Who can modify the search schema?
The search schema contains a lot of system defined crawled and managed properties, as well as mappings in-between that are required for SharePoint Search to work properly. However, as an on-premises customer or SPO customer you also have the option to tweak the search schema to your liking.
With FAST Search for SharePoint 2010 and SharePoint Search 2010, only power users with the rights of Central Administrator could alter the built-in search schema. However, now in SharePoint 2013, even tenant admins and site collection admins/owners can modify their search schemas.
Levels of schemas in SharePoint for on-premises installations
For SharePoint on-premises installations there are two levels that matter for search schemas: search service application (SSA) level and site collection level.

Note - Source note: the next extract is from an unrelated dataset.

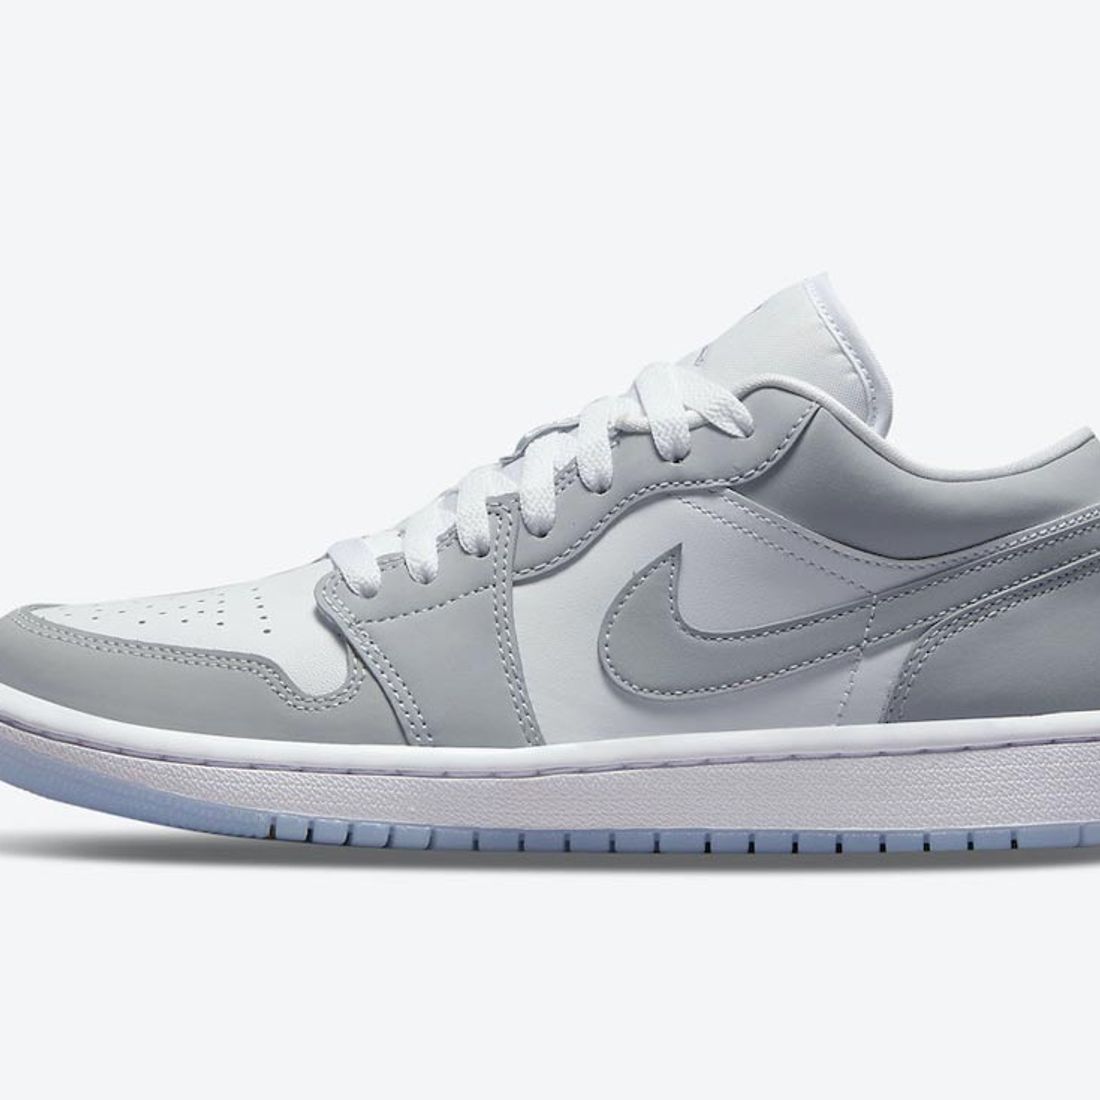 The Air Jordan 1 Low Bares Its Claws In Wolf Grey Sneaker Freaker

This is illustrated in the schema hierarchy shown below:
When SharePoint 2013 is initially installed there exists only one search schema, which is accessible at the central admin level (aka "SSA level" since the central administrator owns the search service application). As before, the central administrator is free to make a number of changes at this level.
In a similar fashion, the site collection owners may choose to override their search schemas that they otherwise inherit from the SSA level. This structure provides opportunities for companies to create and use the search schema for cross-company standards that enrich company-wide searches while still allowing site collections flexibility.
Levels of schemas in SharePoint Online
For SharePoint online (SPO) there are three levels that matter for search schemas: search service application (SSA), tenant and site collection level. This is illustrated in the schema hierarchy shown below:
In SPO, the SSA level is pre-defined (and the same as the default on-premises SSA level search schema). This schema may only be changed by Microsoft. However, new in SharePoint 2013 is the possibility for tenant administrators to modify this centrally defined schema for their tenant. Each tenant administrator inherits from this schema and may choose to override it with various types of changes (described further below).
In a similar fashion, the site collection owners may choose to override their search schemas that they otherwise inherit from the tenant level. This structure provides for opportunities for tenants to create and use the search schema for cross-company standards while still allowing site collections flexibility.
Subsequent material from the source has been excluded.